Migraine
A migraine is a strong headache that often comes with nausea, vomiting, and sensitivity to light. It can last hours or days.
Causes
Migraine headaches are a symptom of a condition known as migraine.
Doctors don’t know the exact cause of migraine headaches, although they seem to be related to changes in your brain and to your genes.
Your parents can even pass down migraine triggers like fatigue, bright lights, or weather changes.
For many years, scientists thought migraines happened because of changes in blood flow in the brain.
Most now think this can contribute to the pain, but is not what starts it.
Current thinking is that a migraine likely starts when overactive nerve cells send out signals that trigger your trigeminal nerve, which gives sensation to your head and face.
This cues your body to release chemicals like serotonin and calcitonin gene-related peptide (CGRP).
CGRP makes blood vessels in the lining of your brain swell. Then, neurotransmitters cause inflammation and pain.
Symptoms
Migraines are different in everyone. In many people, they happen in stages. These stages may include:
Prodrome
Hours or days before a headache, about 60% of people who have migraines notice symptoms like:
Being sensitive to light, sound, or smell
Fatigue
Food cravings or lack of appetite
Mood changes
Severe thirst
Bloating
Constipation or diarrhea
Aura
These symptoms stem from your nervous system and often involve your vision. They usually start gradually, over a 5- to 20-minute period, and last less than an hour. You may:
See black dots, wavy lines, flashes of light, or things that aren’t there (hallucinations)
Have tunnel vision
Not be able to see at all
Have tingling or numbness on one side of your body
Not be able to speak clearly
Have a heavy feeling in your arms and legs
Have ringing in your ears
Notice changes in smell, taste, or touch
Attack
A migraine headache often begins as a dull ache and grows into throbbing pain. It usually gets worse during physical activity.

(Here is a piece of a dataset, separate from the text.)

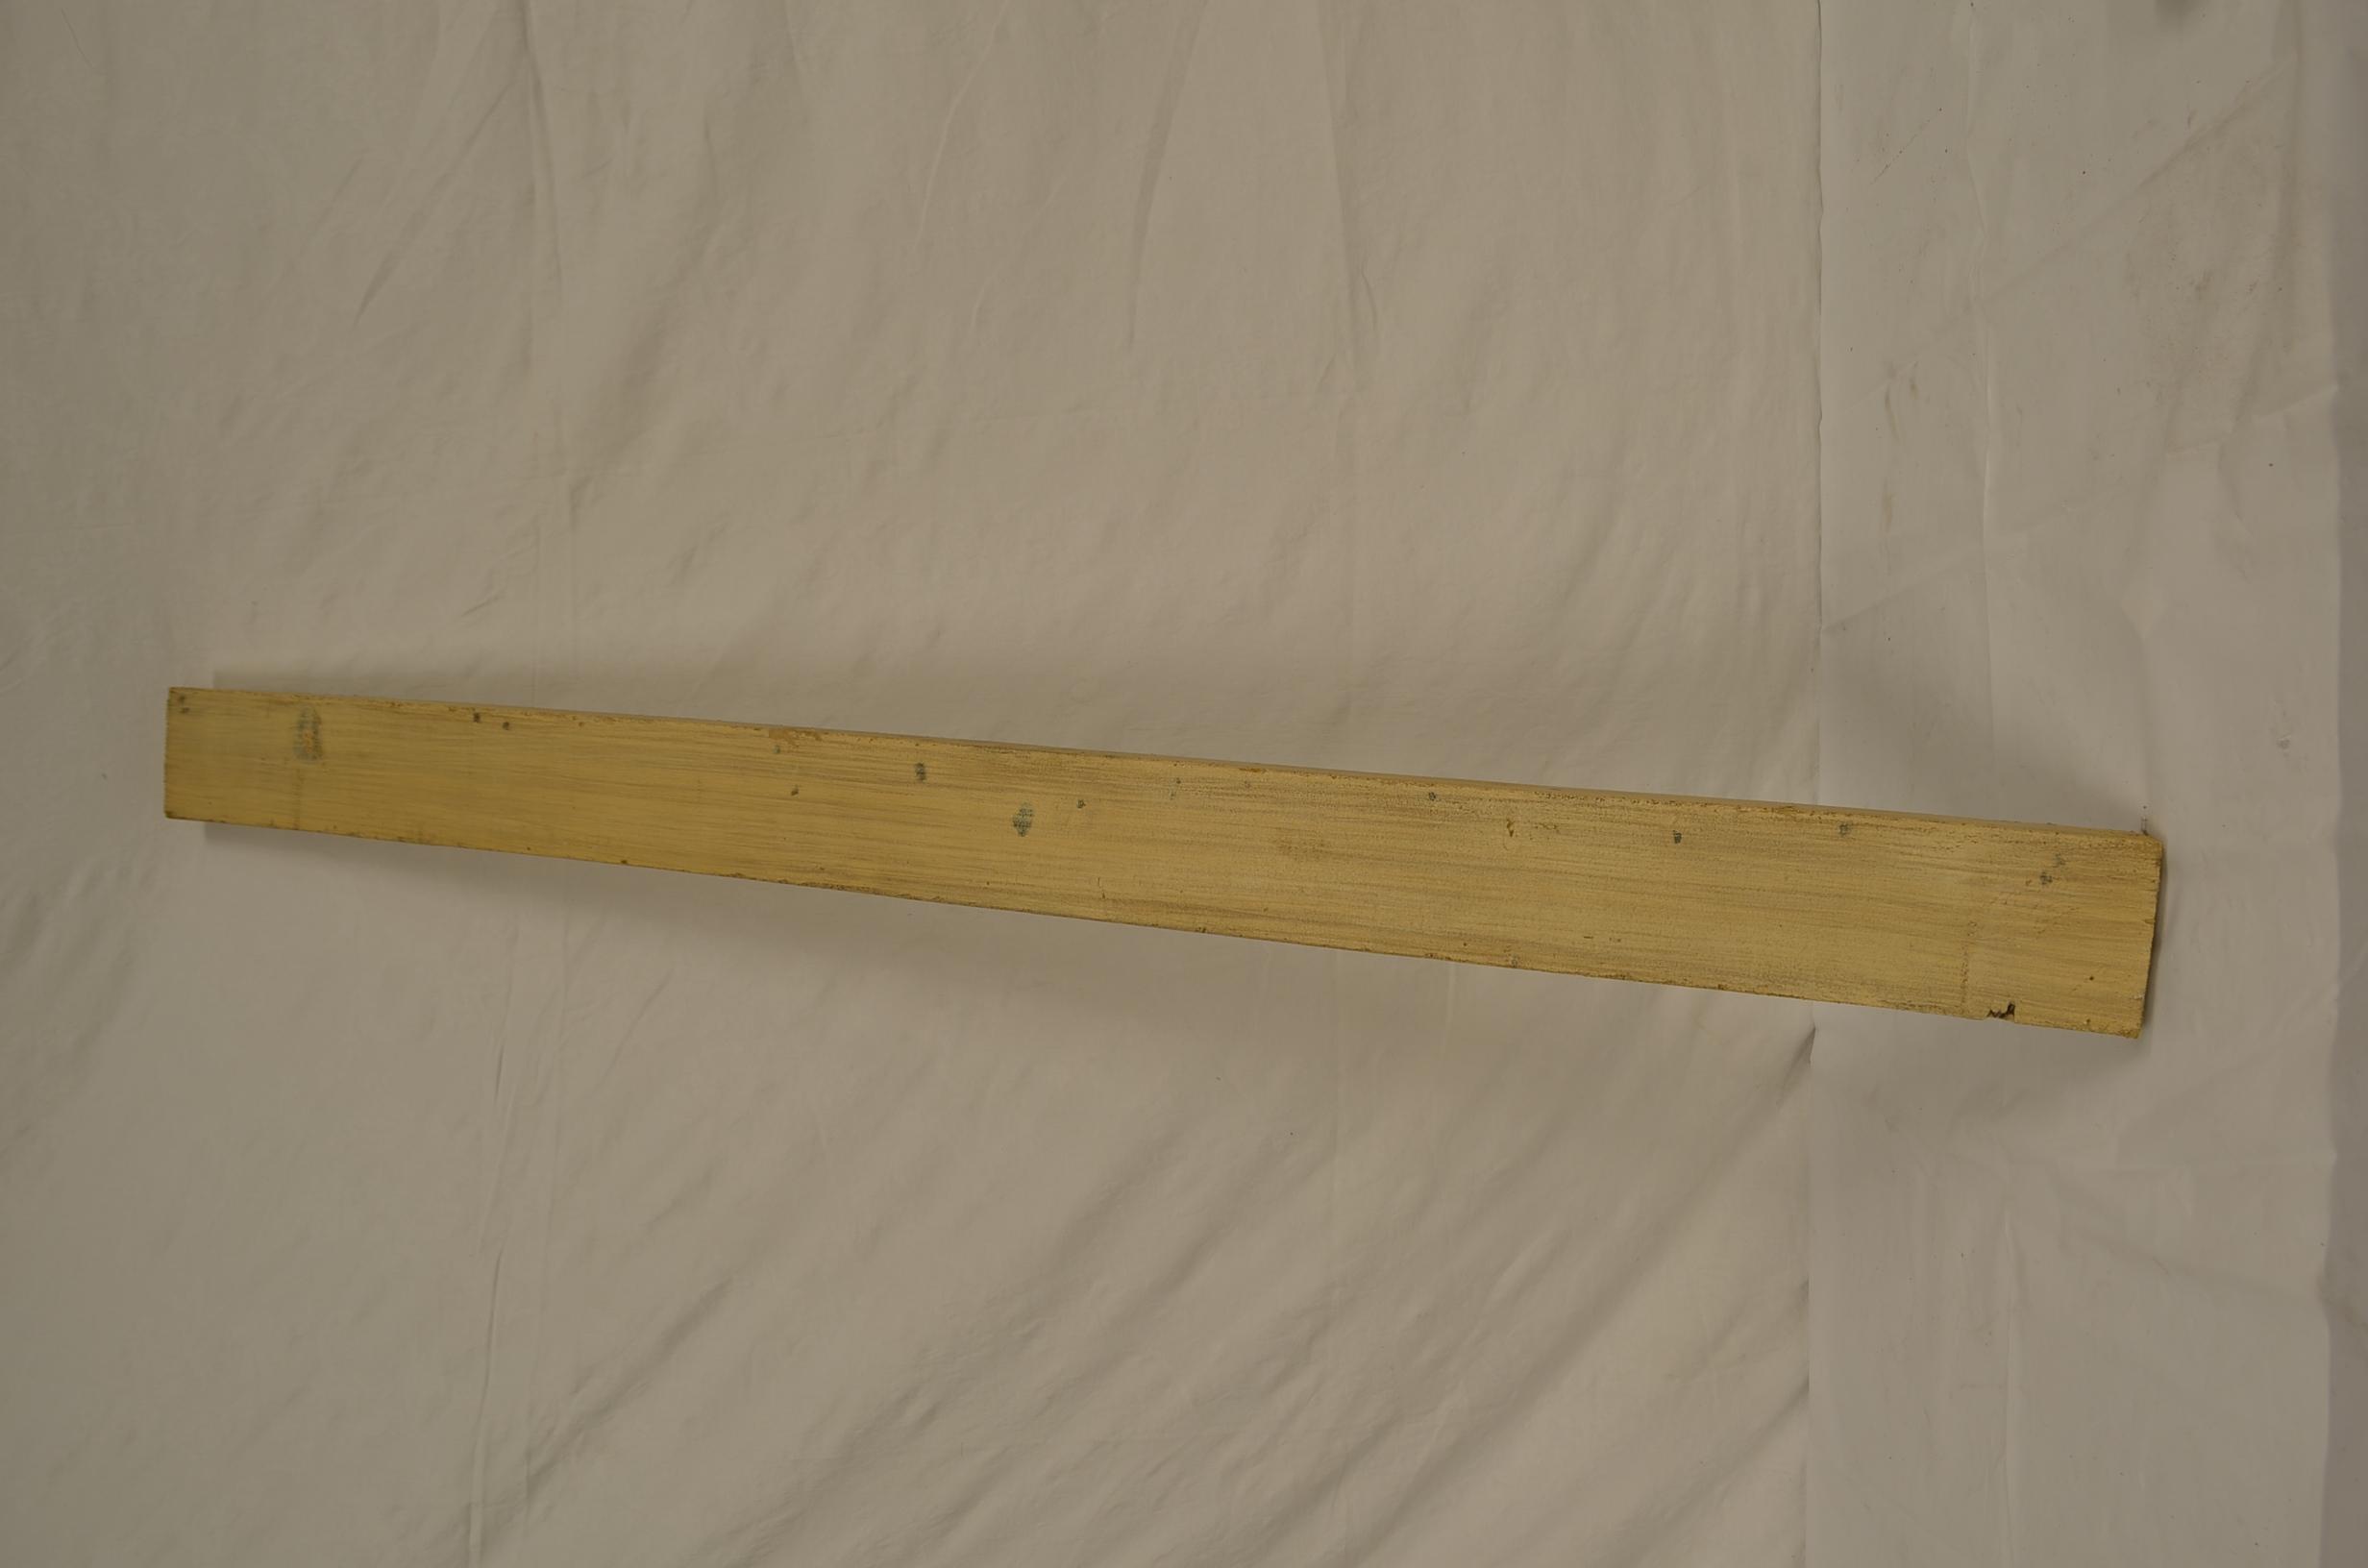 soft 2x4 lumber 6ft long

The pain can move from one side of your head to the other, can be in the front of your head, or can feel like it’s affecting your entire head.
About 80% of people have nausea along with a headache, and about half vomit. You may also be pale and clammy or feel faint.
Most migraine headaches last about 4 hours, but severe ones can go for more than 3 days. It’s common to get two to four headaches per month.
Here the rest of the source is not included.